Fairchild’s founders came to be branded in the lore of Silicon Valley as the “Traitorous Eight.’’ How that happened remains something of a mystery. But the epithet, wherever it came from, was attached to their names in almost every news account of the company’s success for years afterward. In an interview with The San Jose Mercury News this year, Mr. Blank said they had never betrayed Shockley. But, he added, “Once it got into print, it’s hard to erase.’’

Julius Blank was born in Manhattan, the youngest of three children of Charles and Gussie Blank, Jewish immigrants from Russia and Austria, respectively. They lived on the Lower East Side. Mr. Blank graduated from Erasmus Hall High School and served in the US Army in World War II. He graduated from City College with a bachelor’s degree in mechanical engineering in 1950.

In 1952, he joined the engineering group at AT&T’s Western Electric plant in Kearney, N.J., where he helped develop machinery for making the first circuitry used by callers to dial long distance without an operator. He met Kleiner at the plant in Kearney. The two left together in 1956 for Shockley’s lab.

Mr. Blank leaves two sons, Jeffrey and David, and two grandsons. His wife, Ethel, died in 2008.

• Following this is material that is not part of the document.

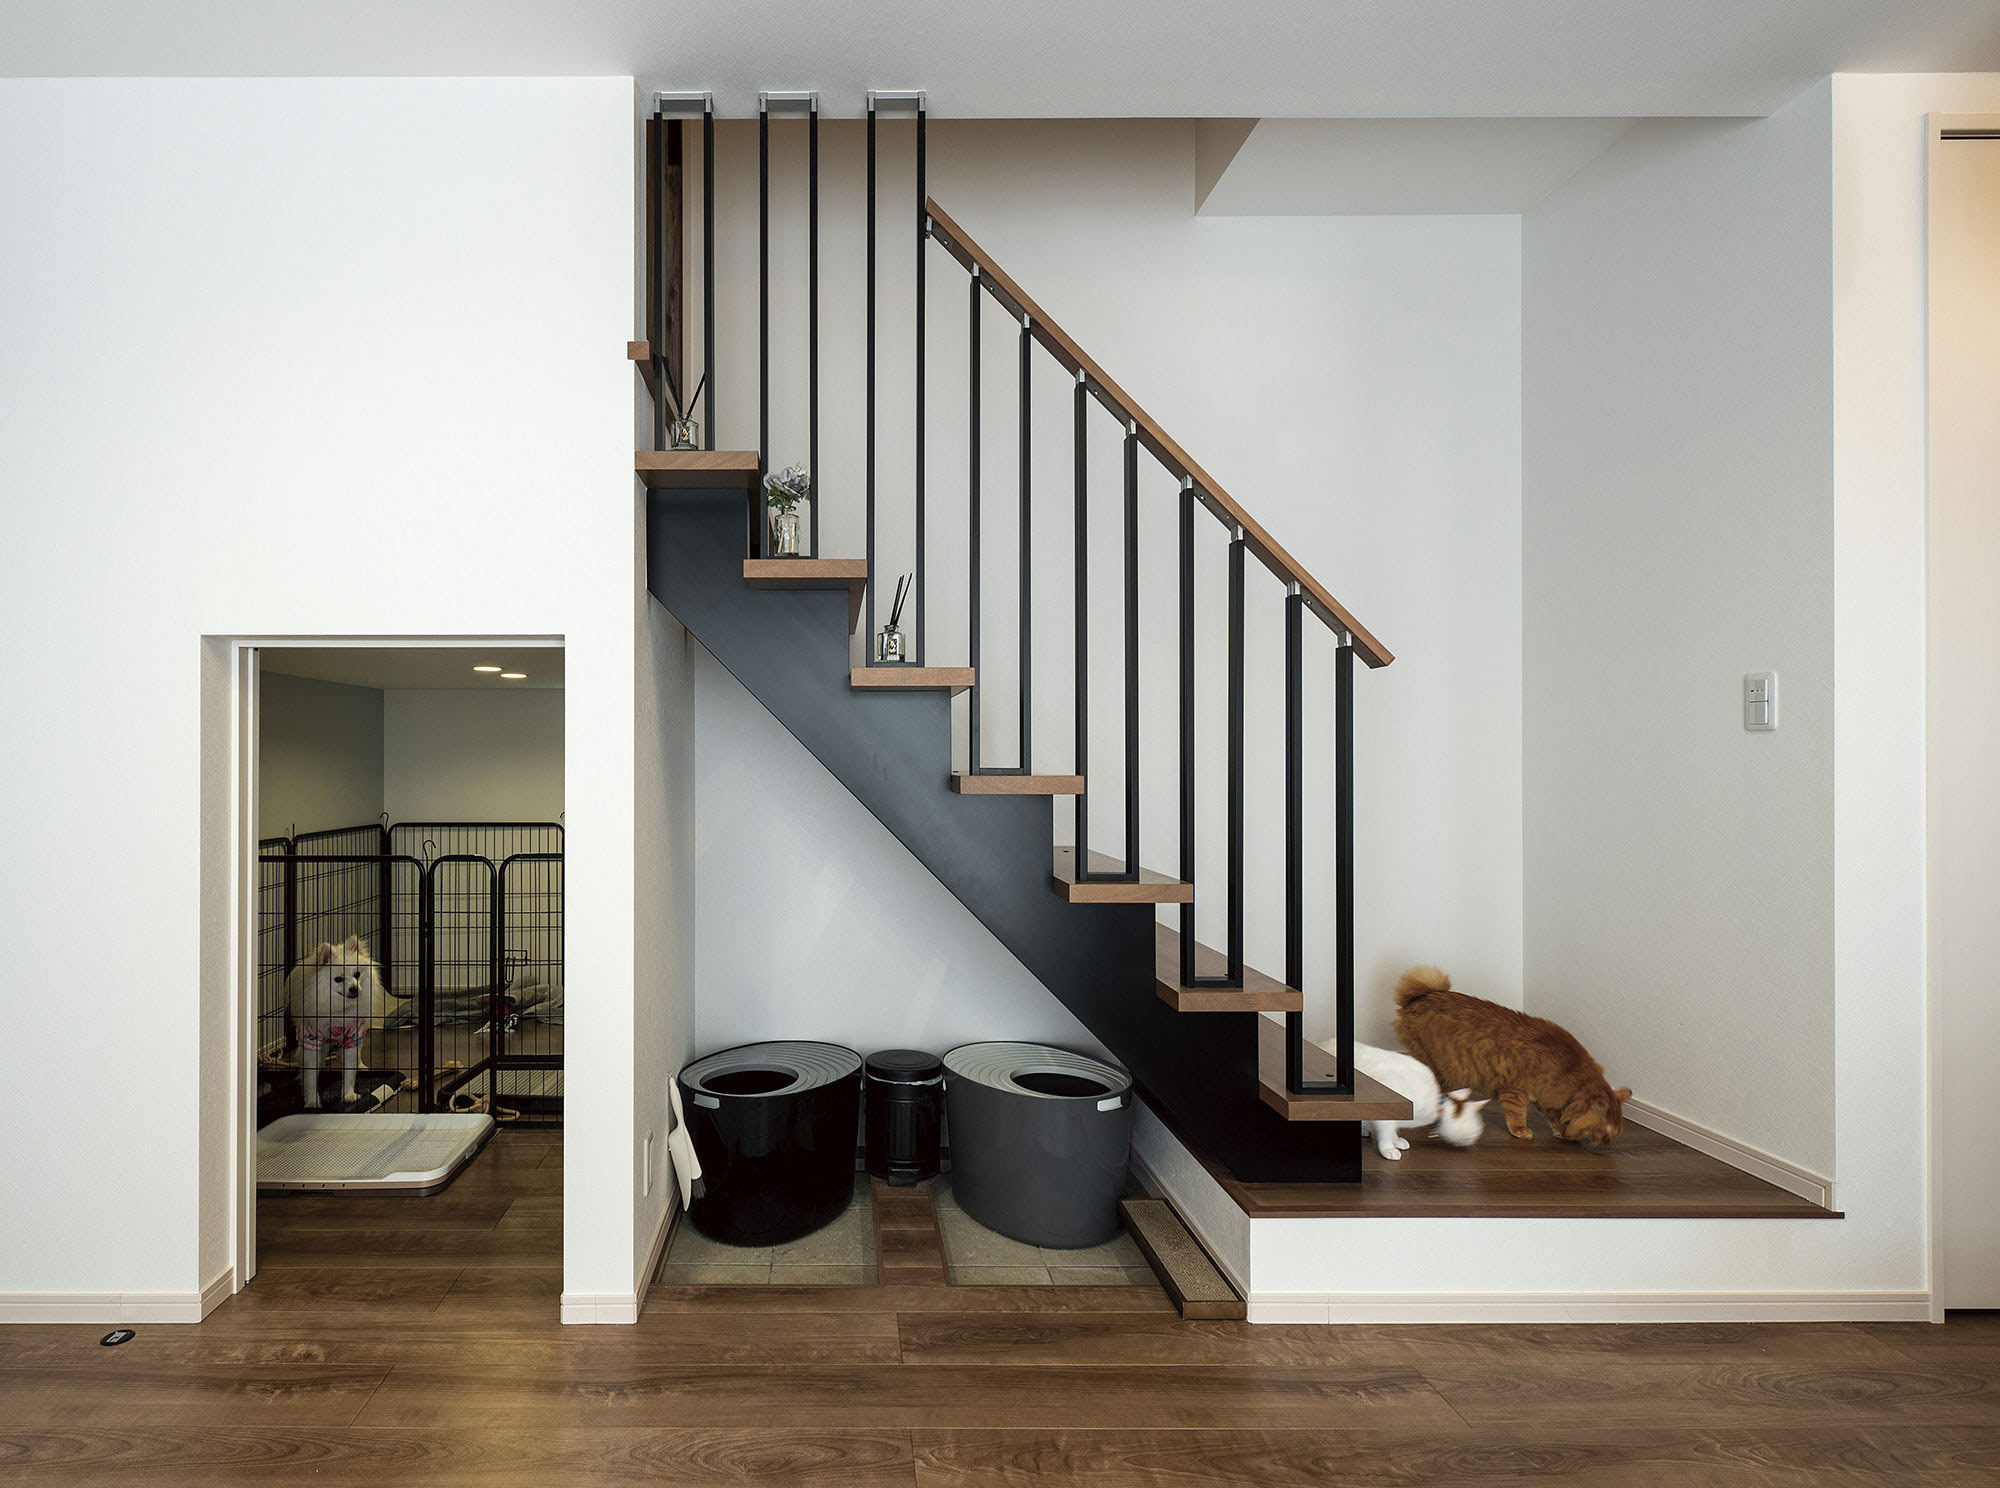 ハーフ収納は愛犬の部屋に。デッドスペースになりがちな階段下も、猫用のトイレスペースとして活用しています。

When he left Fairchild in 1969 - he was the last of the eight founding partners to depart - Mr. Blank became an investor and consultant to startup companies and helped found the technology firm Xicor, which was sold in 2004 for $529 million to Intersil. His former partners, in addition to founding Intel, had started Advanced Micro Devices and National Semiconductor. Kleiner had founded a venture capital firm that invested early in hundreds of technology companies, including Amazon.com, Google, and AOL.